На этом сочинение обрывалось. В художественном смысле здесь был некий авторский ход: додумайте, мол, сами. Но с точки зрения Инессы, в откровении присутствовала некоторая недосказанность.

Инесса продолжала атаковать Нину вопросами, требуя немедленного ответа:

– Хорошо, тогда скажи нам, любит ли твой папа твоего маленького братика? Кстати, сколько ему?

– Шесть месяцев. – Нина опустила голову еще ниже. – Да, любит.

– Тогда я вообще ничего не понимаю. Папа долгое время притворялся хорошим семьянином, чтобы после рождения ребенка сразу покинуть всех, кто ему дорог, и заодно выставить из дома любимую дочь? Что-то не клеится. А может быть, братик от другого дяди? Но как тогда папа может его любить?.. – Инесса зловеще замолчала. Затем повернулась к нам и четко произнесла: – Девушки! Наша маленькая Нина немного завралась. Она не хочет откровенно рассказывать о мотивах, которые привели ее в наш коллектив. Поэтому я принимаю это сочинение как вторую версию, а о том, как было на самом деле, Нина сейчас расскажет нам вслух. Иди сюда, Нина, не стесняйся. Мы же договорились, что никто никого осуждать не будет.

Нина неуверенно подошла к Инессе, вздохнула глубоко и прерывисто, а затем выпалила:

– Это – мой ребенок!

Заявление прозвучало как взрыв. Мы замерли на местах, стараясь не привлекать к себе внимания ни единым звуком.

– Рассказывай, Нина, рассказывай, – подбодрила Инесса.

Нина, надо отдать ей должное, не плакала и не тряслась как осиновый лист, у нее только чуть дрожал голос и спина согнулась так, как будто на ней висела тяжелая неудобная поклажа. Она заговорила:

– Я встречалась с мужчиной, он был нашим родственником, точнее… – она смущенно потупила взор, – маминым младшим братом. Я знала его с детства, постепенно из дяди Саши он превратился просто в Сашу, потом мы реально влюбились друг в друга, и никто не мог повлиять на наши отношения. Правда, папа не знал, может быть, догадывался, а мама прекратила всякие отношения с братом, считала его законченной скотиной. Когда я поняла, что беременна, уже было поздно что-то предпринимать, да я и не хотела, потому что была уверена, что мы с Сашей поженимся. Я даже бросила работу.

– Какую работу? – прервала Лосер рассказчицу.

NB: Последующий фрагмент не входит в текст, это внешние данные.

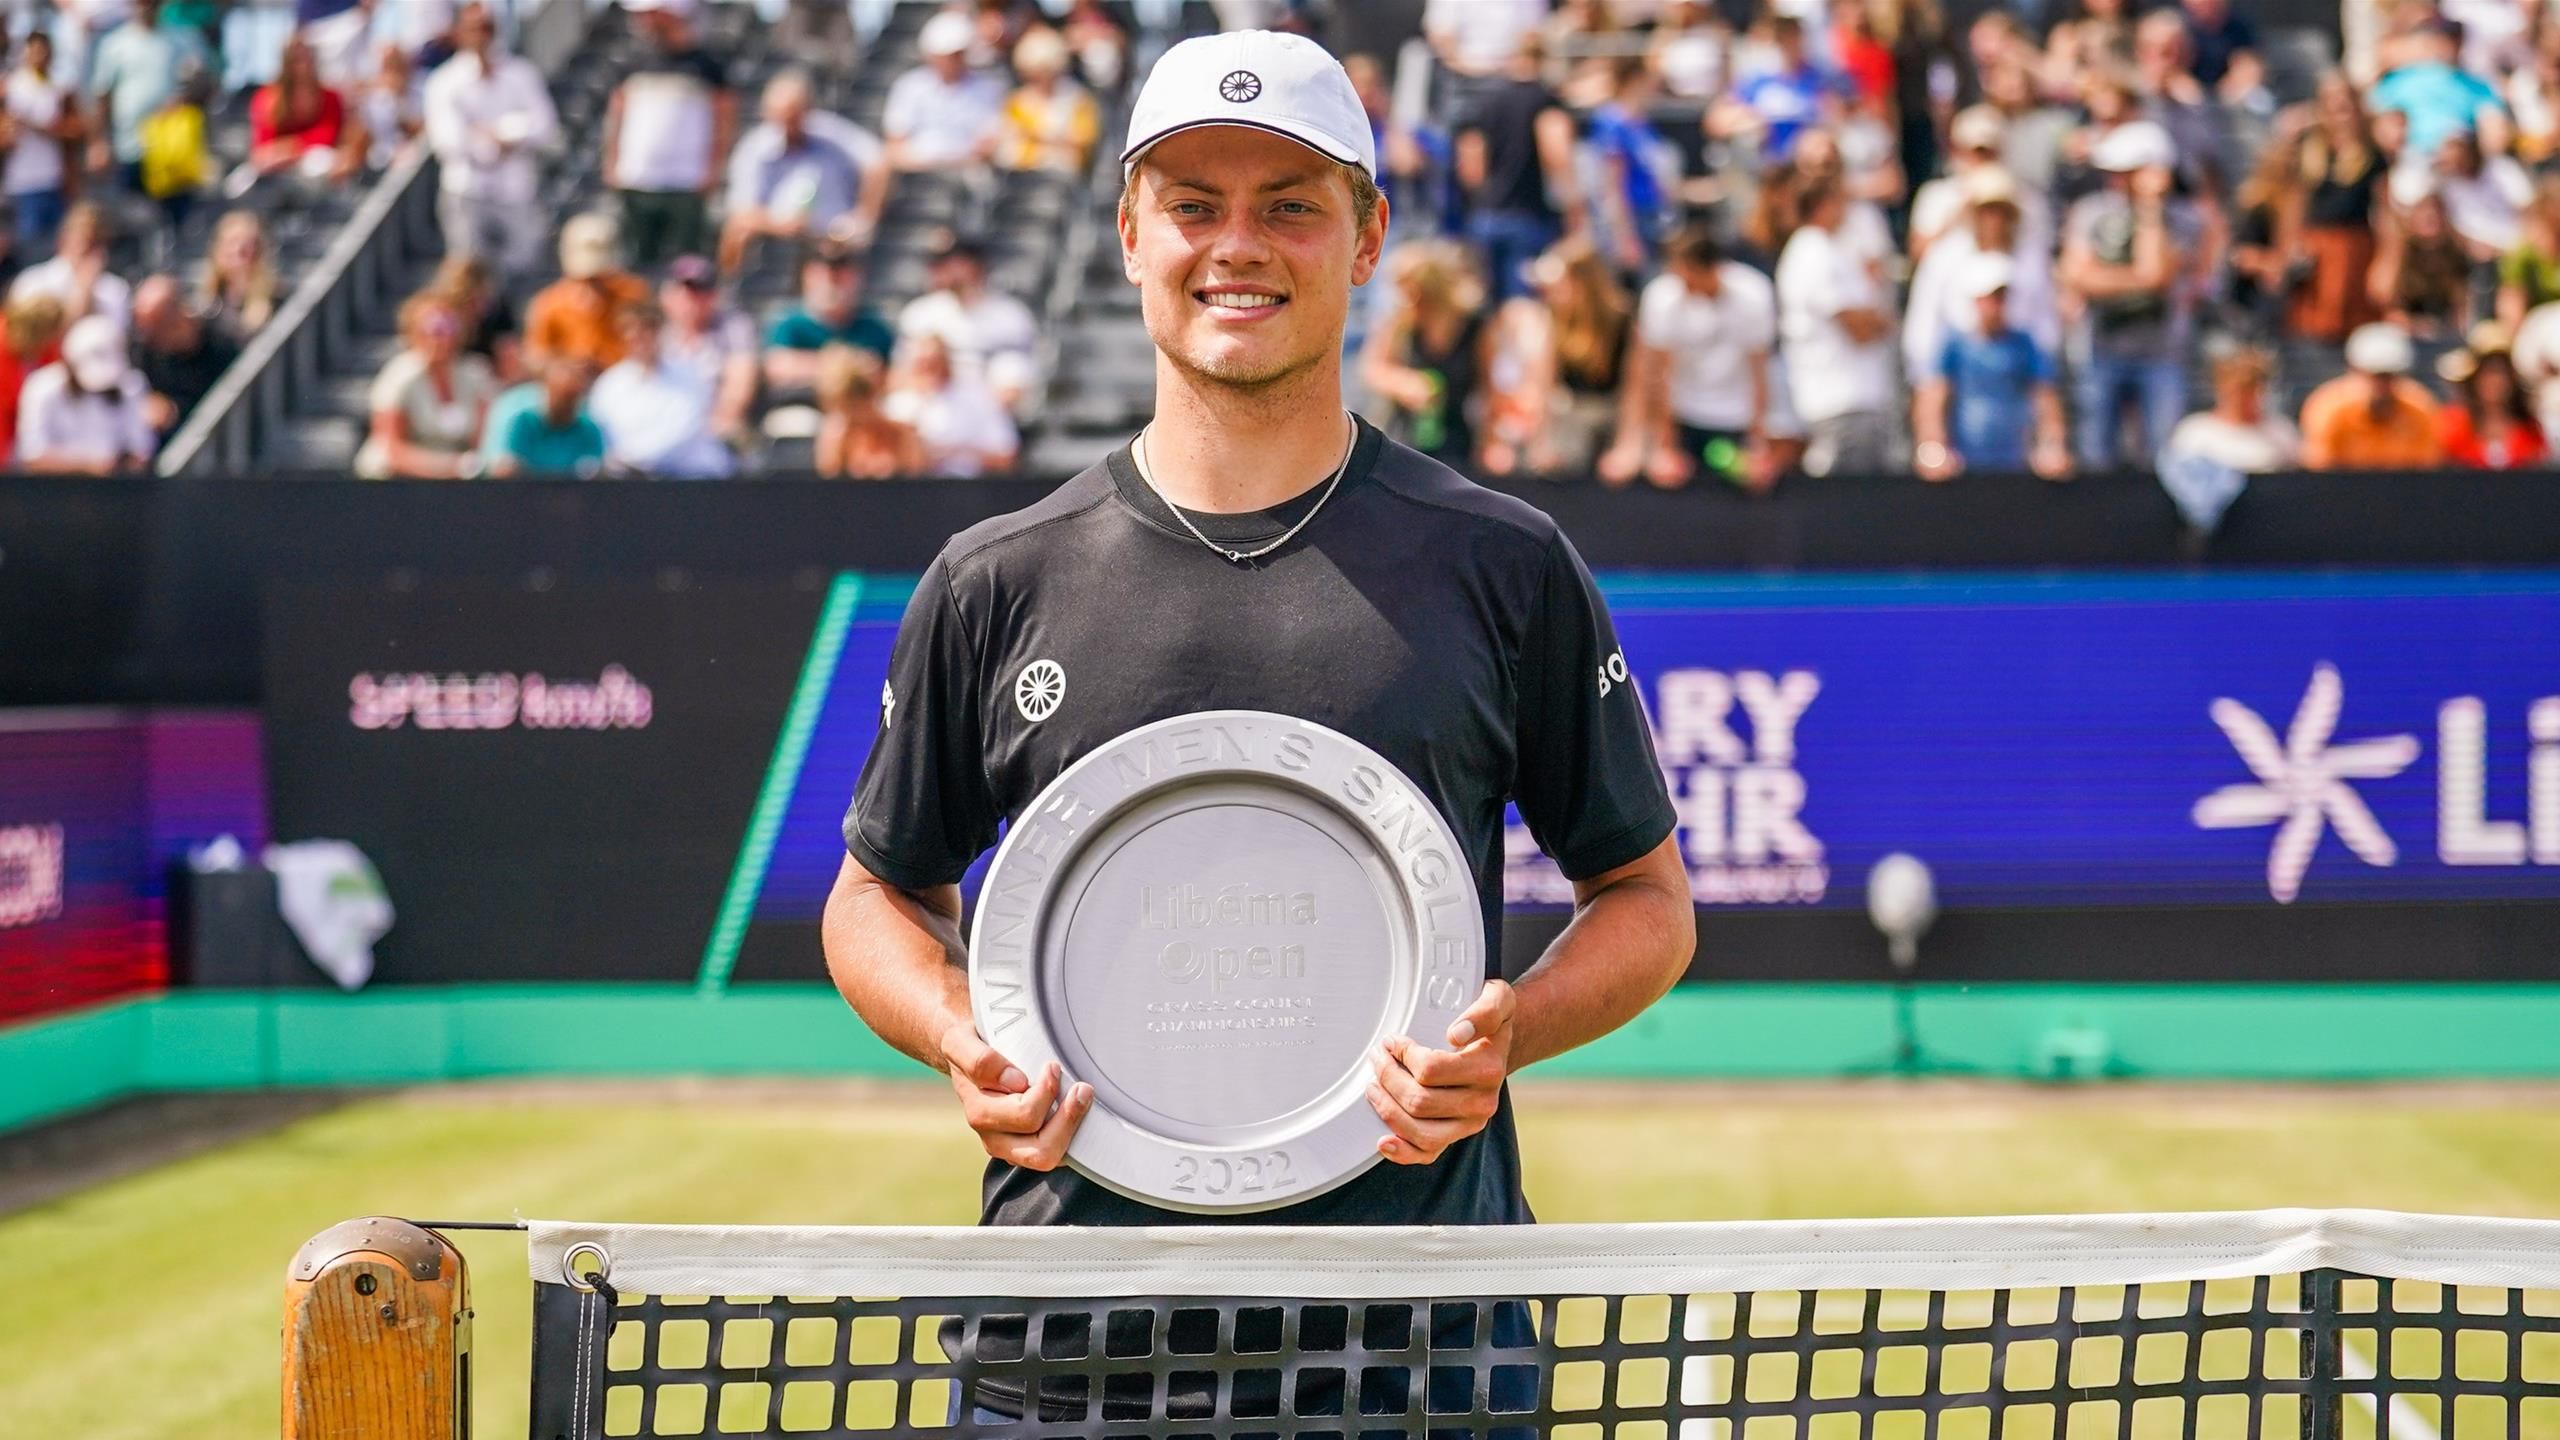 Kansen Deuk deze Biggest ATP Tour upset since? Tim van Rijthoven stuns world No. 2 Daniil  Medvedev to win Libema Open in 's-Hertogenbosch - Eurosport

– Ну, я танцевала… в баре…

– Понятно. Продолжай!

– После того как я сообщила Саше, что у нас будет малыш, он как-то опешил, замкнулся, потом сказал, что ему надо подумать, и ушел. На следующий день он прислал мне эсэмэску: «Я пока не готов к таким серьезным поступкам». Фактически он послал меня куда подальше и предоставил возможность самой выпутываться из ситуации. Мне не оставалось ничего иного, как рассказать обо всем маме. Если без эмоций, мы решили ничего не говорить отцу – мама очень его боялась и никогда не любила. Мама сказала, что рано или поздно правда все равно откроется, ребенка никуда не денешь. Поэтому я должна подготовить себе базу для дальнейшей жизни, а ребенком займется она. Отец узнал о моей беременности, когда я была на восьмом месяце. Он закрылся в комнате с мамой, они долго разговаривали, даже кричали. В общем, на следующий день он собрал вещи и уехал к другу, а потом снял квартиру. Он сказал, что не ожидал от нас такой лжи и подлости, что он оторвет Саше яйца и лучше тому не попадаться ему на пути. Теперь мы всем говорим, что Павлик – мой братик, а фактически получается, что он – одновременно внук и племянник моей маме. – Нина замолчала.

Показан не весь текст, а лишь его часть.